§ **PROBLEM DETAILS**
Beginning with the line containing "Modway Fortuna 7" and going on through the line containing "Handsome mixed race", the lines below are to be returned exactly, pictures excluded and nothing added.

§ **GIVEN DATA**
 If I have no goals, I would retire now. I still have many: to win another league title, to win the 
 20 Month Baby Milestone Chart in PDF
* * *
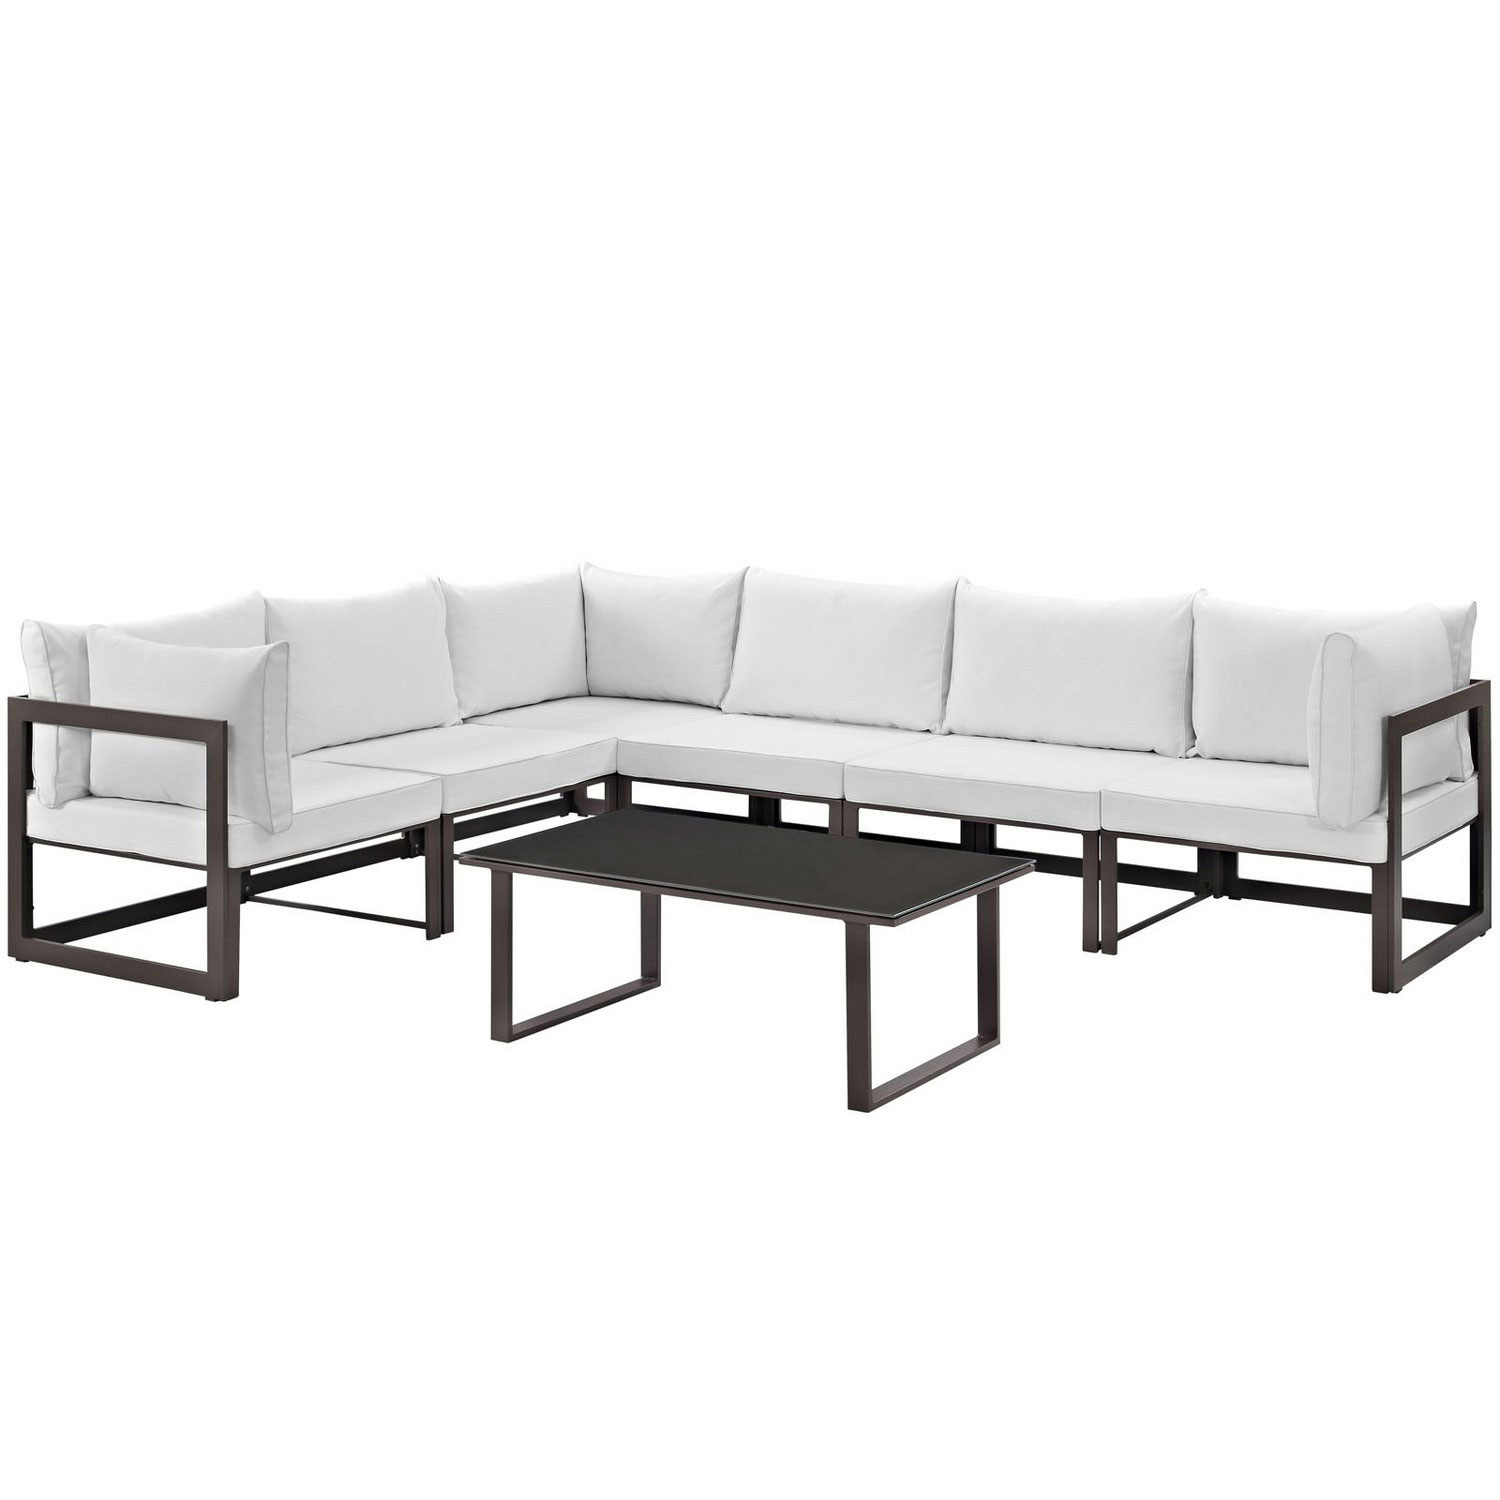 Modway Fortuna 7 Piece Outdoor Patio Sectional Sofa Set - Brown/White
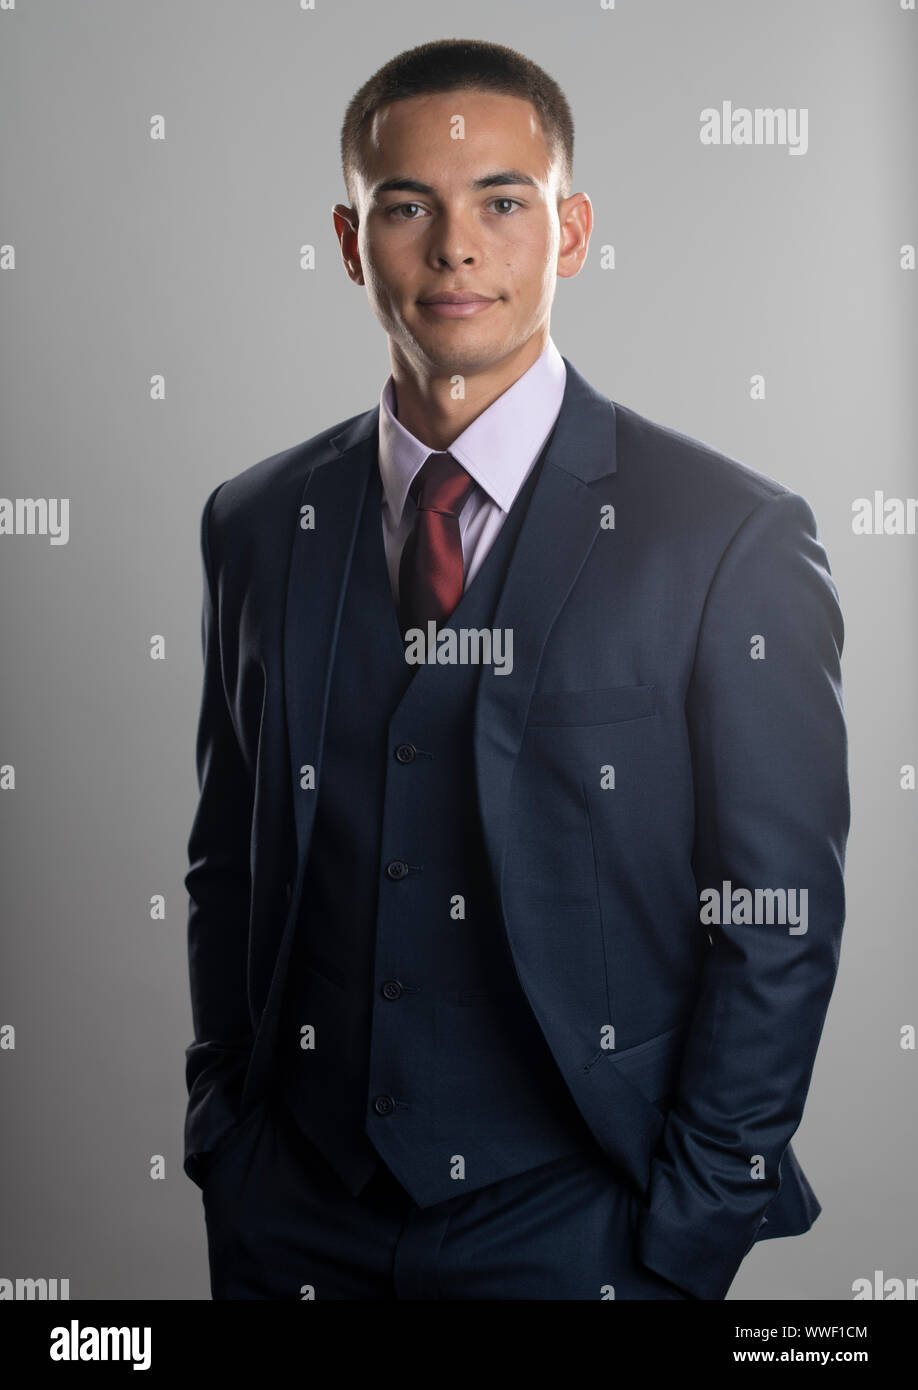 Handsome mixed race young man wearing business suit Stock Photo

§ **RESPONSE AREA**
 Modway Fortuna 7 Piece Outdoor Patio Sectional Sofa Set - Brown/White
 Handsome mixed race young man wearing business suit Stock Photo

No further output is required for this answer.